In the Age of Facebook, the First Amendment Is More Important Than Ever

This article is part of a series focusing on Lens of Liberty, a project of the Vernon K. Krieble Foundation.

The First Amendment is under attack. Of course, that shouldn’t come as a surprise to you as a reader of The National Pulse, where we cover these malicious assaults on our freedom on a daily basis. Whether it’s an attempt by social media networks to label right-leaning stories as “fake news,” or an effort to block conservative speakers like Ben Shapiro on a college campus, the anti-First Amendment zealots are always at work.

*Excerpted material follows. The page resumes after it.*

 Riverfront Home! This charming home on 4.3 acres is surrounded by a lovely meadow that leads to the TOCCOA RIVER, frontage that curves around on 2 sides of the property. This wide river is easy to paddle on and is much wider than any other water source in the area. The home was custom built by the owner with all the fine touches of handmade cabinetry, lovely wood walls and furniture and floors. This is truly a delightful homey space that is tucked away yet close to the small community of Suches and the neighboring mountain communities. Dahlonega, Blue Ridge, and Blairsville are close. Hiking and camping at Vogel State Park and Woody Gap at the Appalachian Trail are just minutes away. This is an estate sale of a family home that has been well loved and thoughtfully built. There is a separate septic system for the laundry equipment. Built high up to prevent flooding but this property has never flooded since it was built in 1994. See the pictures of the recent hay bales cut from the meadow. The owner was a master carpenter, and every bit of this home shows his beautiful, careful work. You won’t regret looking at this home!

In a recent Liberty Minute titled “That Seditious YouTube,” Helen Krieble addresses this 200-year-old problem that is still rearing its ugly head:

A congressman named Matthew Lyon was indicted for writing a letter to the editor criticizing the president. He was put on trial, fined $1,000, and sentenced to four months in jail. That was in 1800, and the law under which he was prosecuted was quickly repealed when Americans realized what a threat it was to their constitutional rights. But that didn’t settle it forever.

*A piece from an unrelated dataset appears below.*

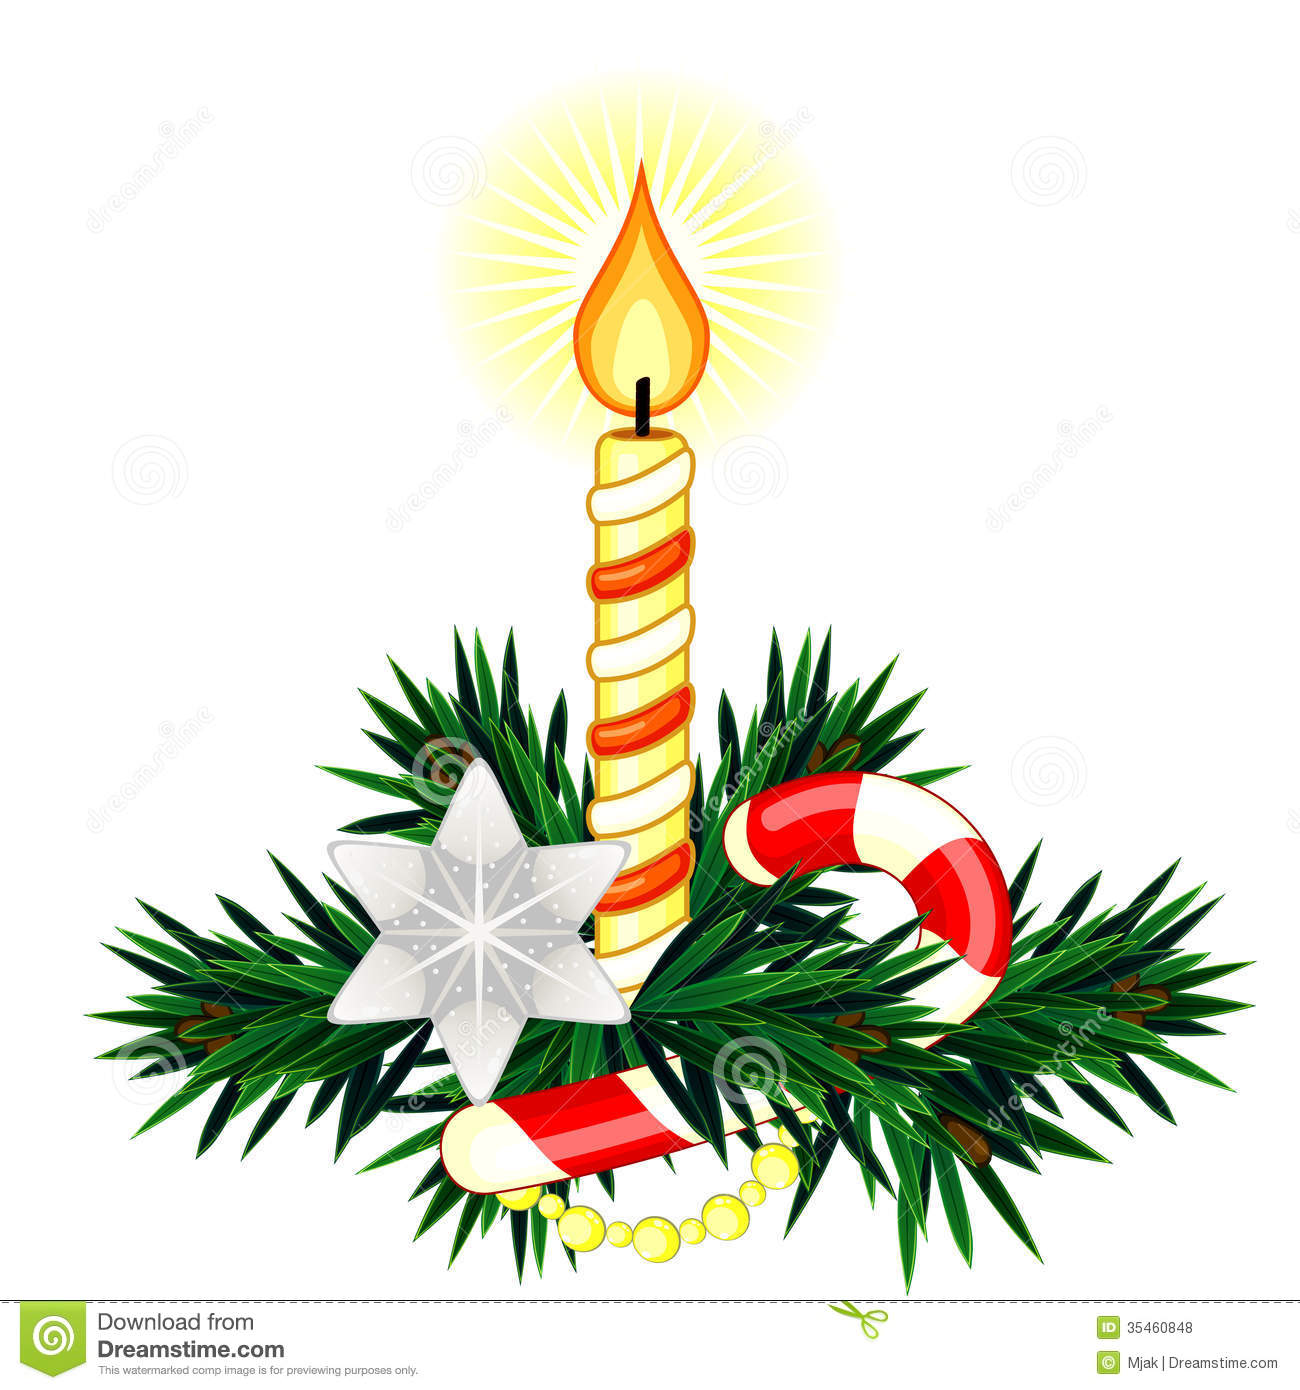 Christmas Composition With Candle And Sugar Cane Royalty Free Stock

In 2015, the Federal Communications Commission held public hearings to discuss how to regulate online political speech on websites like YouTube and blogs like the Drudge Report. We need to look through the lens of liberty and realize that our freedom is as insecure today as ever, and it is still the duty of all citizens to defend it.

For many, including myself, social media can be an outlet for honest political discourse. However, when the government wants to step in a regulate that type of speech, they are seriously challenging our First Amendment rights.

All too often, the government’s solution to any issue that arises is to issue regulation after regulation to hamper our rights. They work very hard to find problems and claim to be the only ones that can solve it. When their “solutions” create more problems — as they almost always do — they then argue for more power and authority, and even more problems are created that need to be “solved.”

The cycle continues until the people rise up and stop it.

While some would argue that the Founders never envisioned the internet when they wrote the Bill of Rights, the Founders didn’t need to. The principles and rights that they enshrined in the Constitution are timeless and should be applied in the same spirit to all new inventions and innovations.

Thomas Jefferson famously said that “The price of liberty is eternal vigilance.” And that applies more than ever today.

Our rights are God-given and unalienable — no tyrant or FEC bureaucrat can take them away from us.